The old one was just a van with windows and it struck a chord. Oh sure, it looked like a frog that had sat on a spike, but there was something rather appealing about the nononsenseness of a box with seats. Especially as it retailed for about 60p.

Sadly, with the new version, they’ve tried to disguise the window cleaner origins with chrome this and flared that. What they’ve ended up with is a plumber in a tux. It looks and feels completely wrong. Almost certainly, then, you will see it and immediately decide to buy something else. This would be very big mistake.

I’ll start with the problems. Um . . . Well, the tailgate is so huge that when you push the button it will rise up, and unless you’re standing well back - which you won’t be because you’ve just pushed the button - it will smash into the underside of your chin and remove your whole head. This would become wearisome. But aside from this upside-down guillotine feature, and the British female politician looks, the rest of the car is an object lesson in common sense.

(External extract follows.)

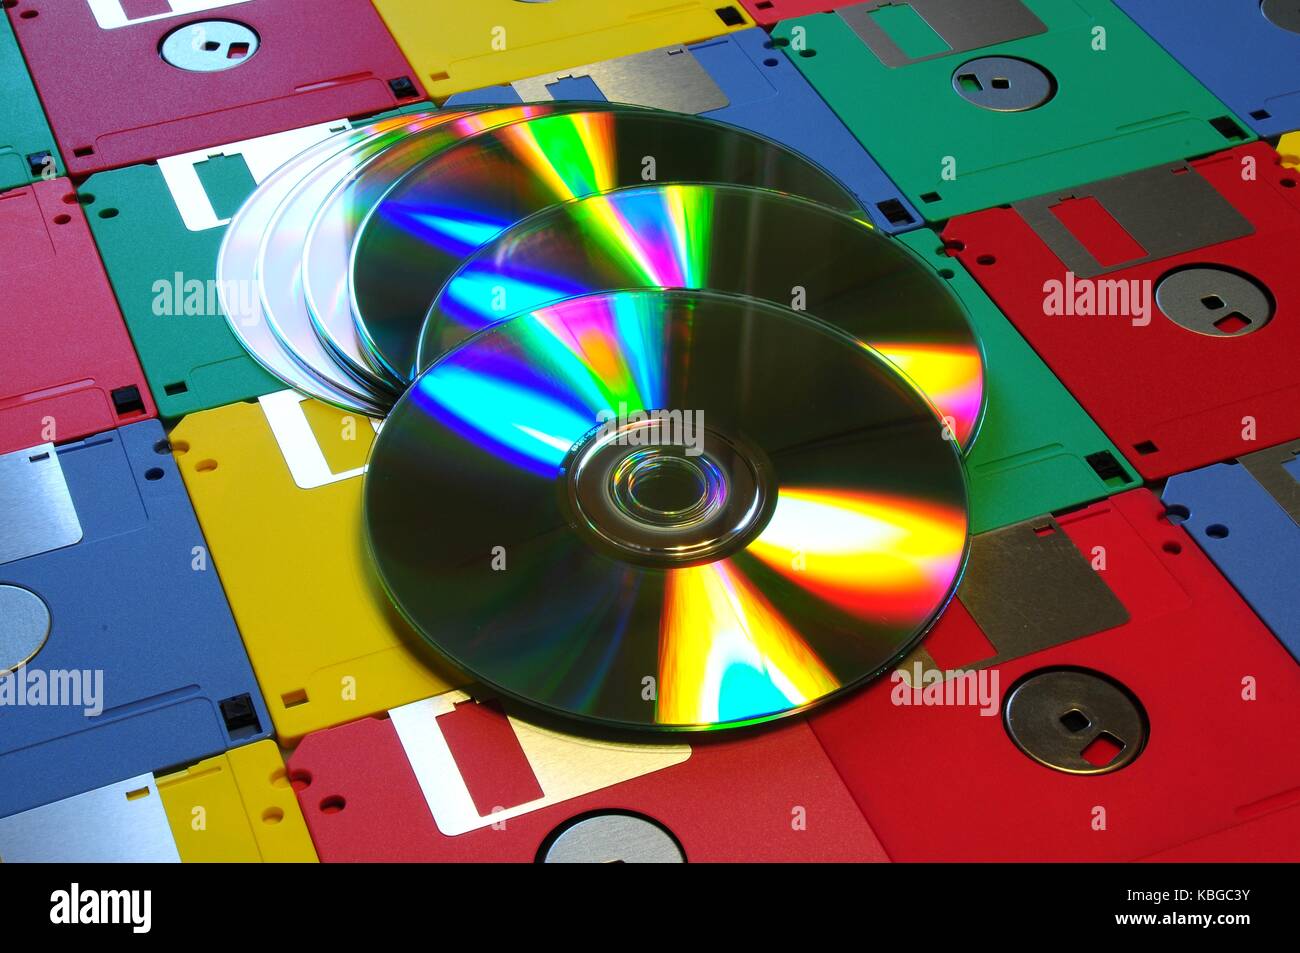 Old diskette 5 25 inches with 3.5 floppy disks of various colors with modern DVD. Background Stock Photo
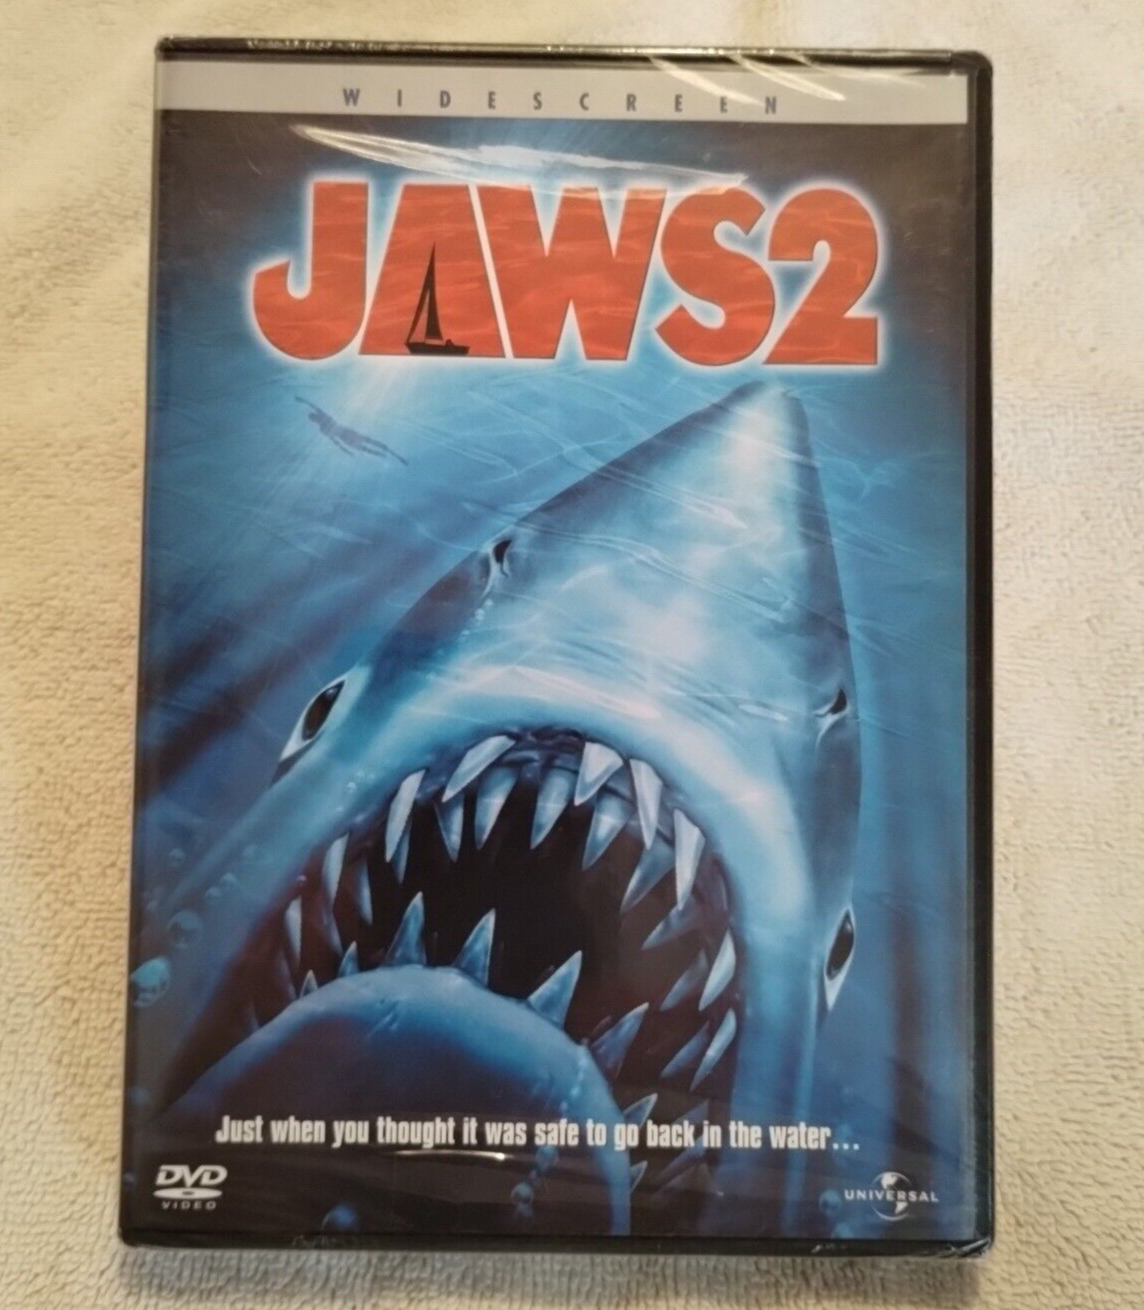 Jaws 2 (DVD) USA IMPORT

Prices start at less than £11,000, which is very low for something with this amount of interior space. It rides more smoothly than a Jaguar XJ8 - they should have called it the Aeroglisseur - and it is the first car ever to come with a loft. I mean it. There is an internal roofbox into which, I’m fairly certain, you could fit a pair of modern-day skis. And that’s just the start. There are so many cubbyholes and oddment stowage boxes that you could hide a priest in there and never find him again.

The car I tested had a 90 horsepower diesel, which meant I couldn’t go very fast. But on the long straight between Shipston on Stour and Chipping Norton, I did get past a tractor in just 18 minutes. So it’s not the end of the world. And better still, it should do 40mpg easily.

It’s a good car, the Berlingo. And in these difficult times, it makes even more sense than usual.